[Your task] The line with "Ariat Men's Tombstone" marks the start; please set it down along with all later lines through the end of the material, exactly, leaving out pictures.

[Given material]
**********
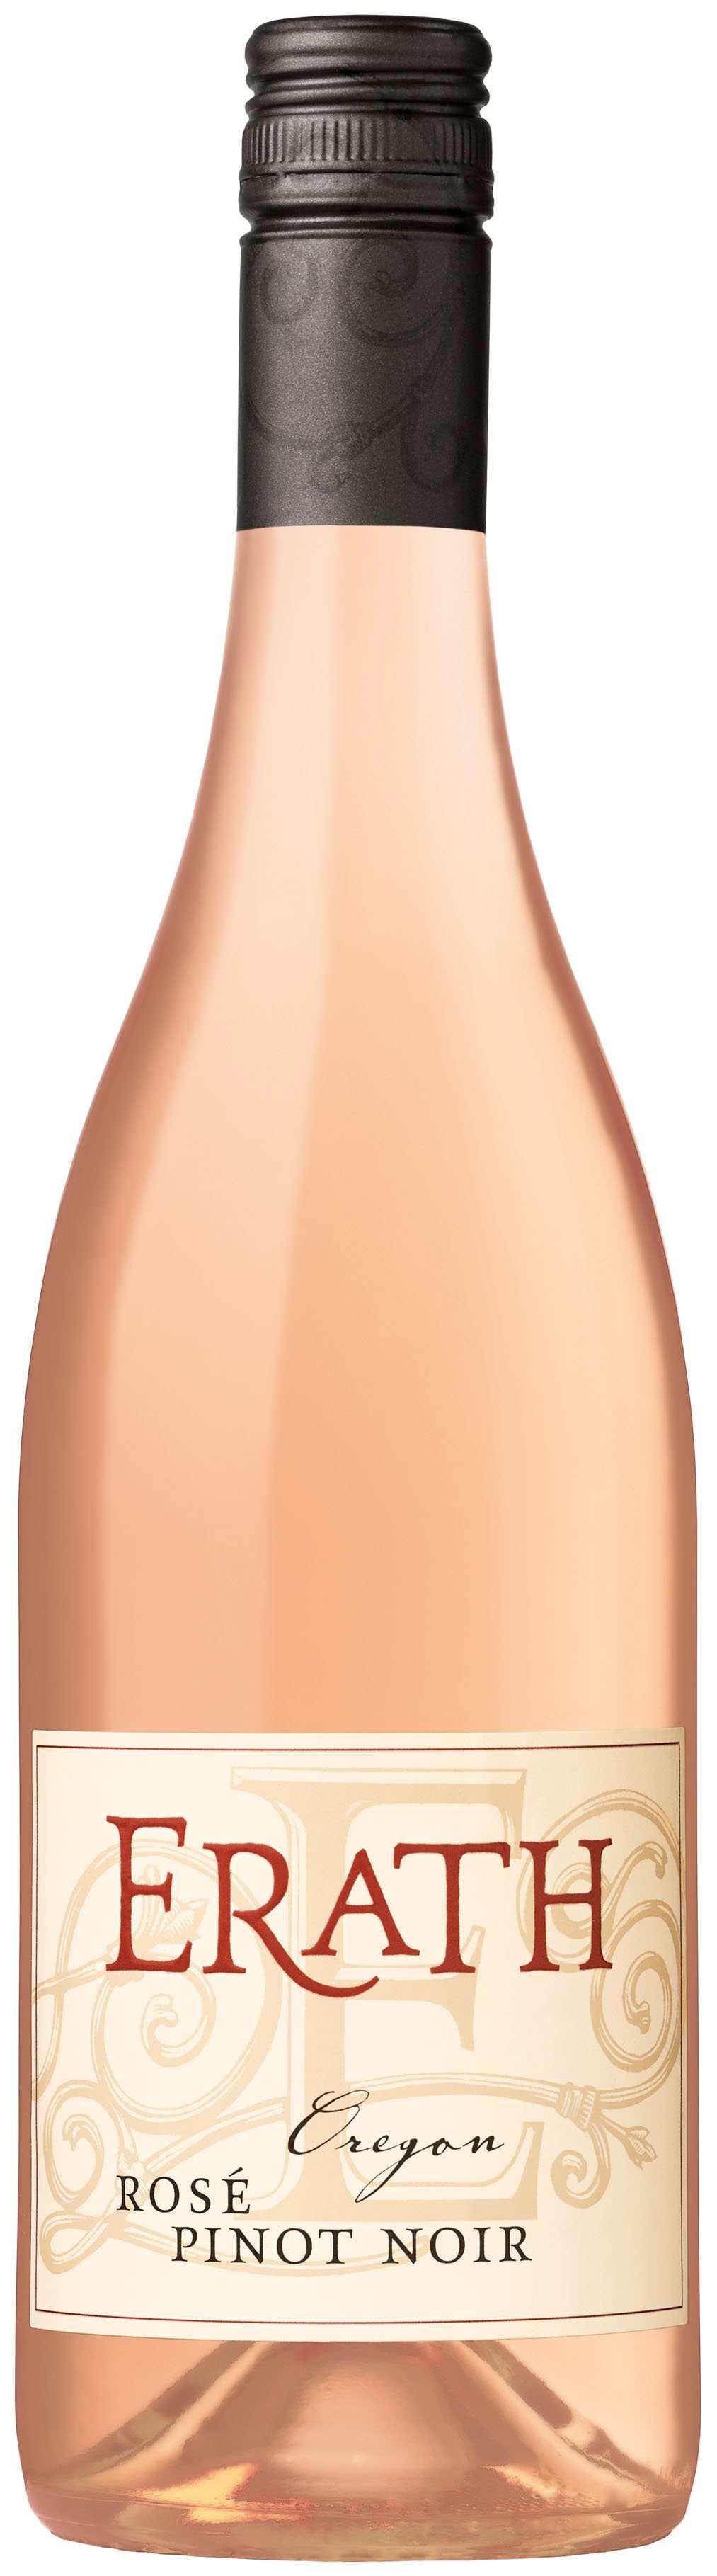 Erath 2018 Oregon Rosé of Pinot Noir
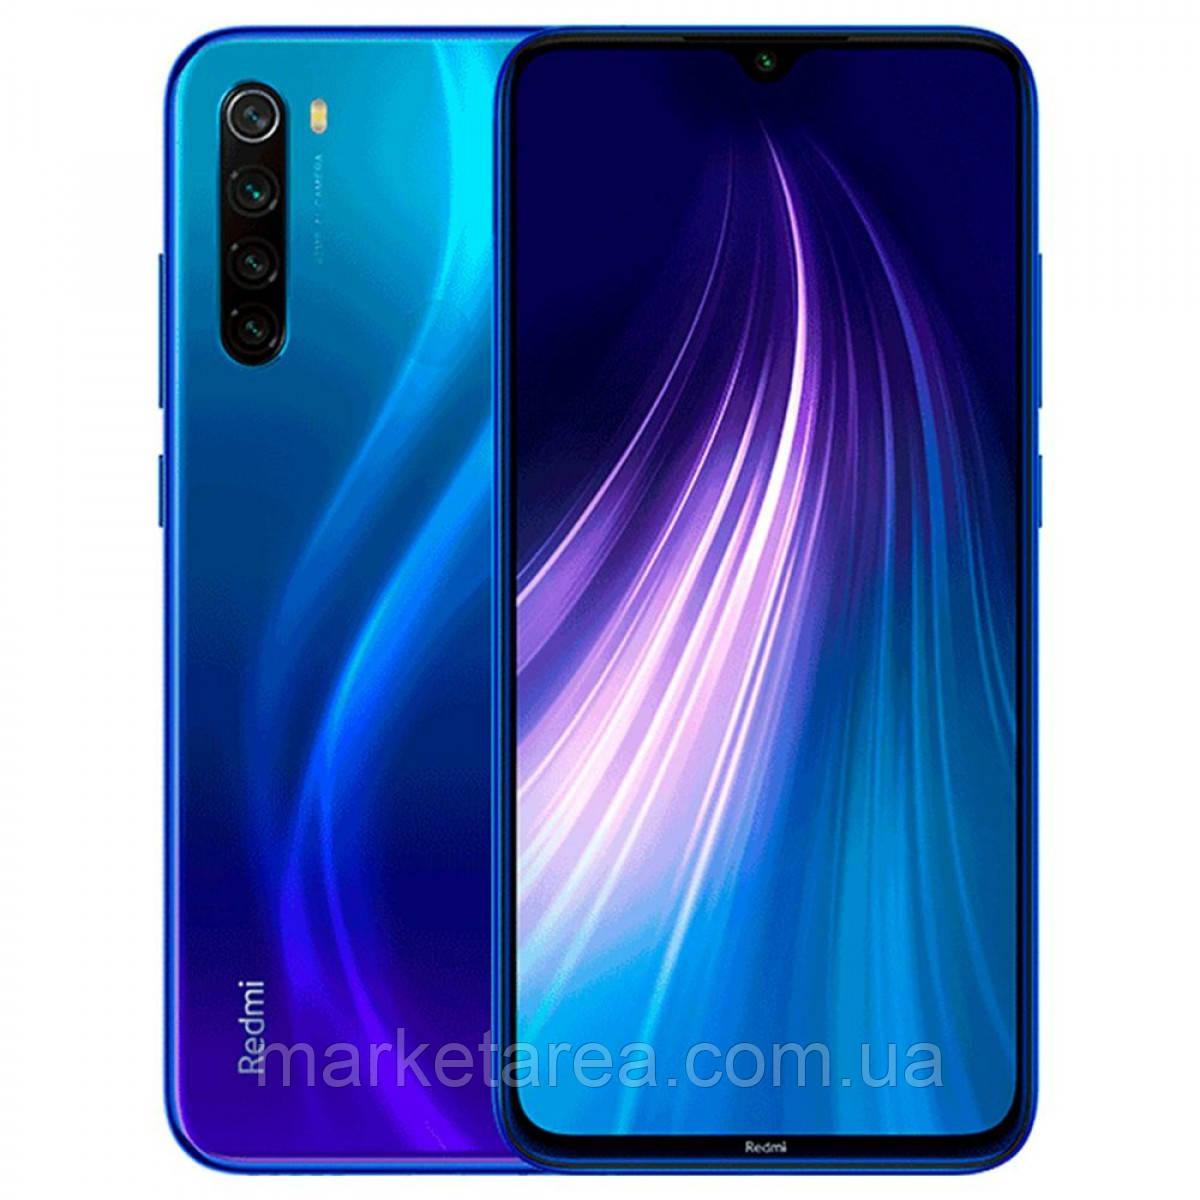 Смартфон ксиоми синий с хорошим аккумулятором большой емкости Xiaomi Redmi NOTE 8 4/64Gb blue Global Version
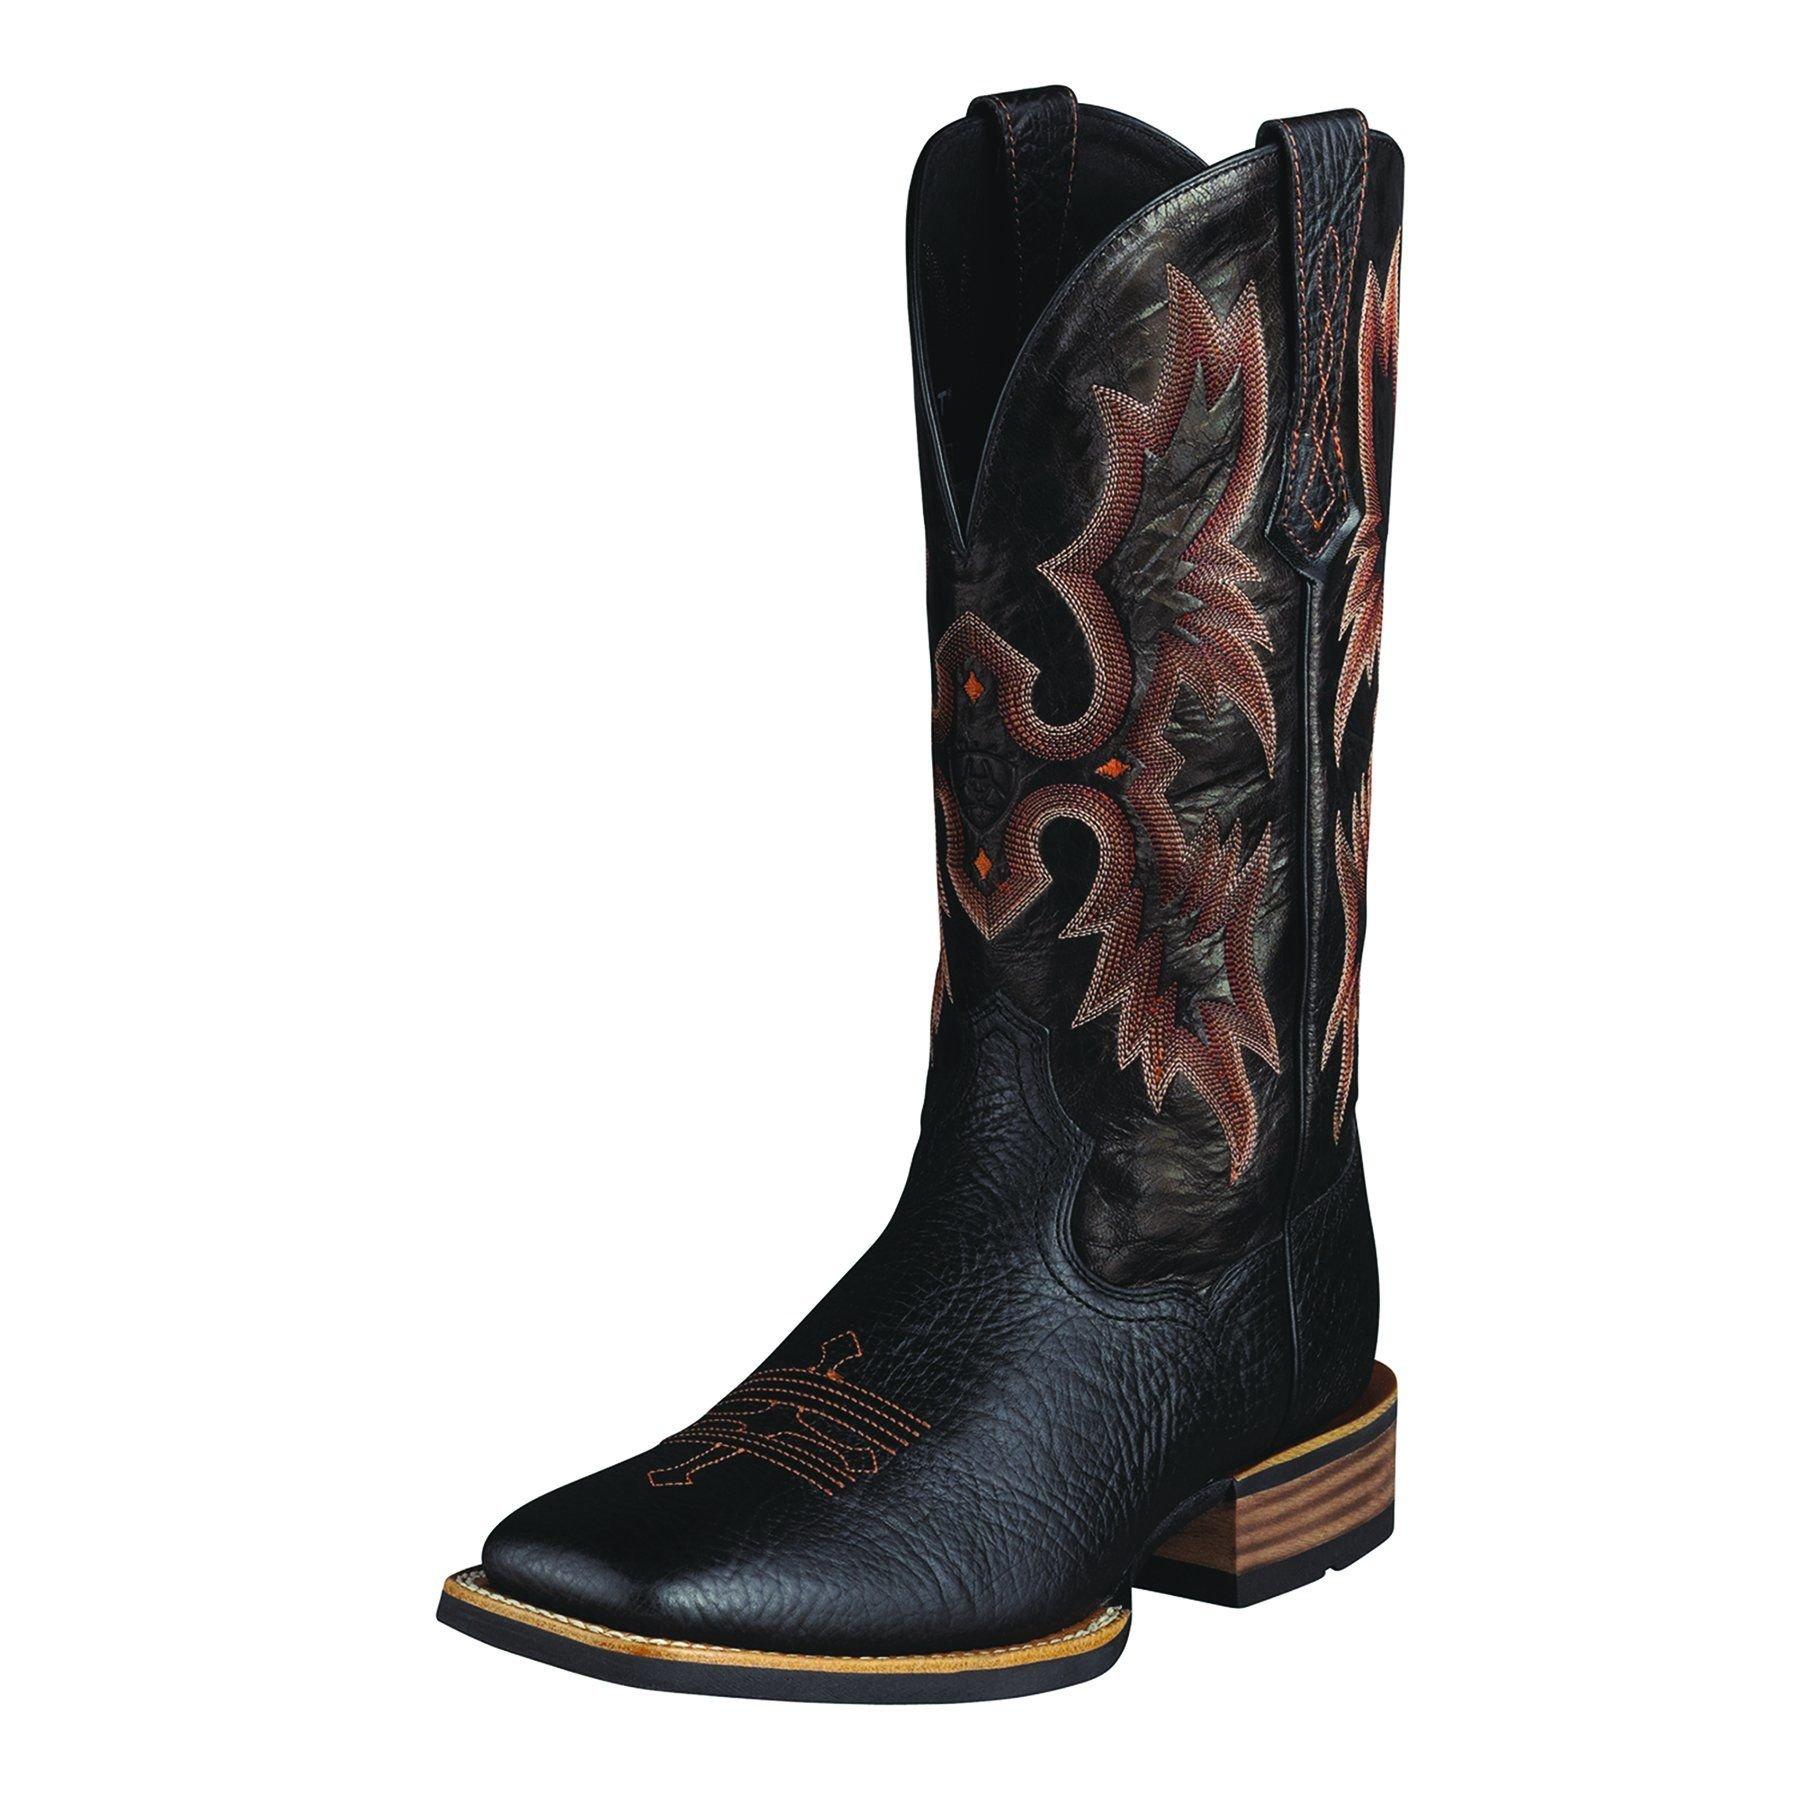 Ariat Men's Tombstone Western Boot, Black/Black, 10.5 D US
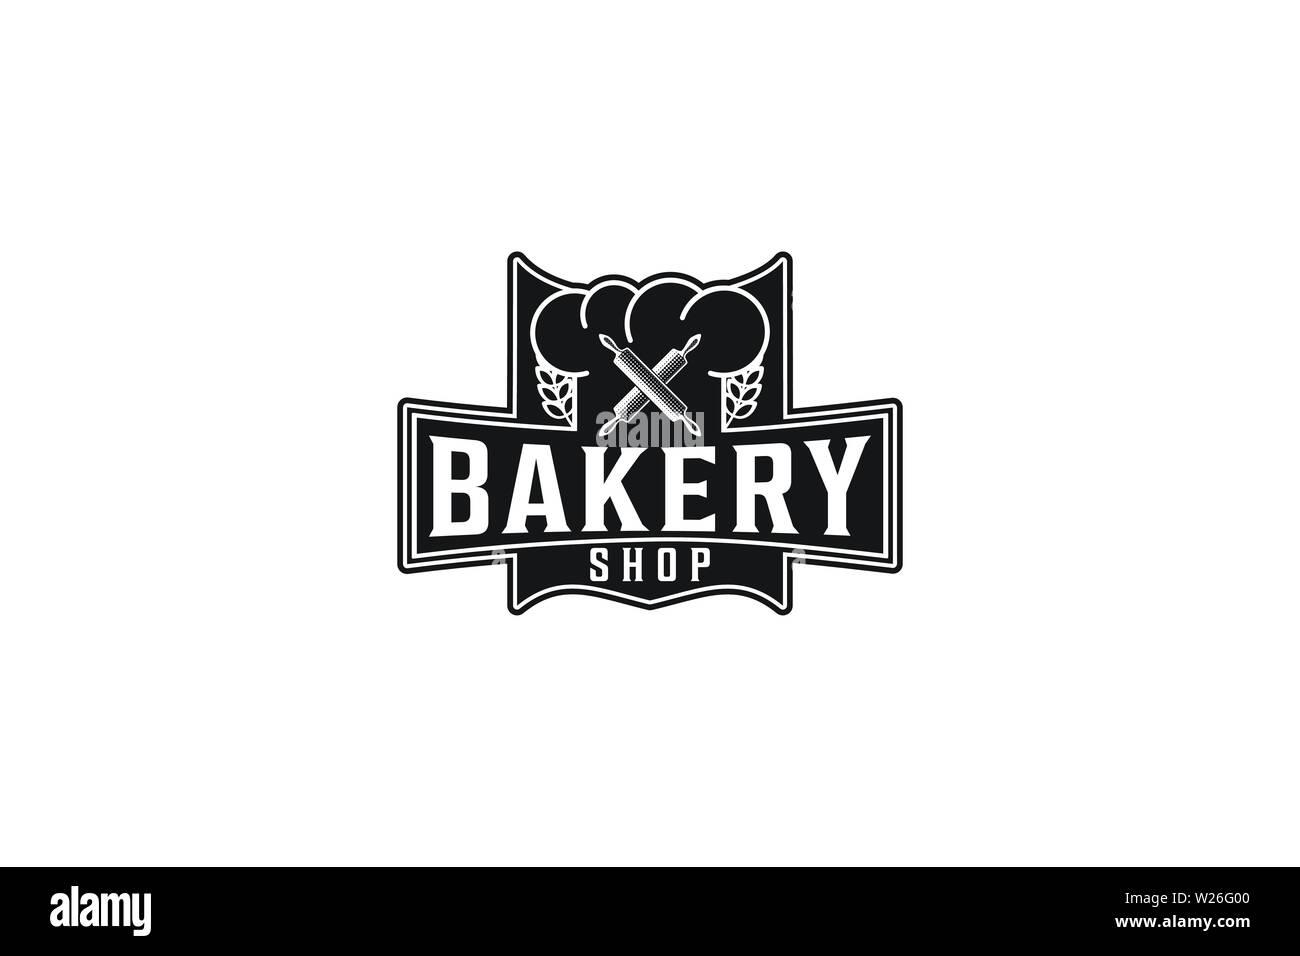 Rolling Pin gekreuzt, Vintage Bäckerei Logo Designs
**********
[Output below]
 Ariat Men's Tombstone Western Boot, Black/Black, 10.5 D US
 Rolling Pin gekreuzt, Vintage Bäckerei Logo Designs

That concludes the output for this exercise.